1.关于solr索引数据同步
通常情况下,单节点部署的solr应用很难在并发量很大的情况下"久存",那么多节点部署提高Solr应用的负载量和响应时间势在必行。
solr索引同步有以下特点:
·影响复制的配置由单个文件solrconfig.xml控制
·支持配置文件和索引文件的复制
·跨平台工作,配置相同
·与Solr紧密结合;管理页面提供了对复制各个方面更细粒度控制
·基于java的复制特性作为请求处理程序实现。因此,配置复制类似于任何正常的请求处理程序。
当主节点索引更新时,所变更的数据会拷贝到所有子节点上
2.配置ReplicationHandler
在运行主从复制之前,应该设置处理程序初始化的参数:
·replicateAfter :SOLR会自行在以下操作行为发生后执行复制,有效的值为commit, optimize, startup
·backAfter:solr在以下操作后会发生备份,有效的值为commit, optimize, startup
·maxnumberofbackup:一个整数值,决定了该节点在接收备份命令时将保留的最大备份数量。
·maxNumberOfBackups :指定要保留多少备份。这可以用来删除除最近的N个备份。
·commitReserveDuration:如果提交非常频繁并且您的网络速度很慢,可以调整这个参数来保留增量索引的周期时间,默认是10秒
在${core.home}/conf/solrConfig.xml中进行主节点配置实例:
<requestHandler name="/replication" class="solr.ReplicationHandler"> <lst name="master"> <str name="replicateAfter">commit</str> <str name="backupAfter">optimize</str> <str name="confFiles">schema.xml,stopwords.txt,elevate.xml</str> <str name="commitReserveDuration">00:00:10</str> </lst> <int name="maxNumberOfBackups">2</int> <lst name="invariants"> <str name="maxWriteMBPerSec">16</str> </lst> </requestHandler>
从节点配置:
·masterUrl:主节点的地址,从节点通过replication参数来发送同步指令
·pollInterval:设置抓取间隔时间,用HH:mm:ss的格式设置
·compression 可选值:external,internal(局域网推荐使用此值)

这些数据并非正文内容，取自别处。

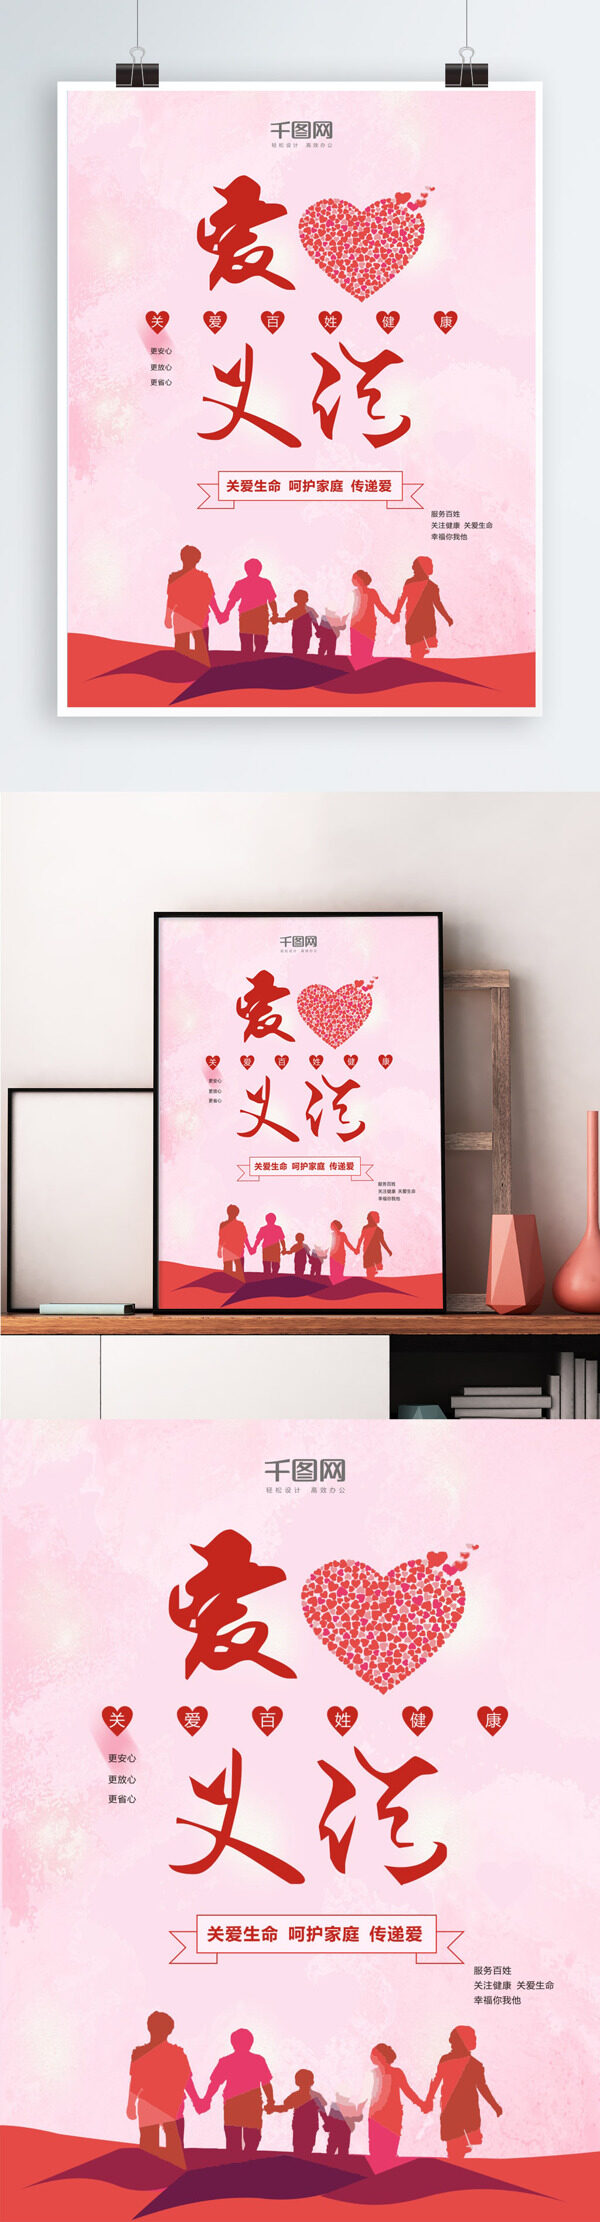 粉色爱心义诊公益活动宣传海报

<requestHandler name="/replication" class="solr.ReplicationHandler"> <lst name="slave"> <!-- fully qualified url for the replication handler of master. It is possible to pass on this as a request param for the fetchindex command --> <str name="masterUrl">http://remote_host:port/solr/core_name/replication</str> <!-- Interval in which the slave should poll master. Format is HH:mm:ss . If this is absent slave does not poll automatically. But a fetchindex can be triggered from the admin or the http API --> <str name="pollInterval">00:00:20</str> <!-- THE FOLLOWING PARAMETERS ARE USUALLY NOT REQUIRED--> <!-- To use compression while transferring the index files. The possible values are internal|external. If the value is 'external' make sure that your master Solr has the settings to honor the accept-encoding header. See here for details: http://wiki.apache.org/solr/SolrHttpCompression If it is 'internal' everything will be taken care of automatically. USE THIS ONLY IF YOUR BANDWIDTH IS LOW. THIS CAN ACTUALLY SLOWDOWN REPLICATION IN A LAN --> <str name="compression">internal</str> <!-- The following values are used when the slave connects to the master to download the index files. Default values implicitly set as 5000ms and 10000ms respectively. The user DOES NOT need to specify these unless the bandwidth is extremely low or if there is an extremely high latency --> <str name="httpConnTimeout">5000</str> <str name="httpReadTimeout">10000</str> <!-- If HTTP Basic authentication is enabled on the master, then the slave can be configured with the following --> <str name="httpBasicAuthUser">username</str> <str name="httpBasicAuthPassword">password</str> </lst> </requestHandler>
注意:从节点masterUrl属性应当配置为主节点的地址
3.关于solr主从复制之repeater模式
在上述配置中有一个弊端:
·一主多从模式,主节点存在宕机的风险,那么从节点会群龙无首(solr暂时未提供主节点选举策略)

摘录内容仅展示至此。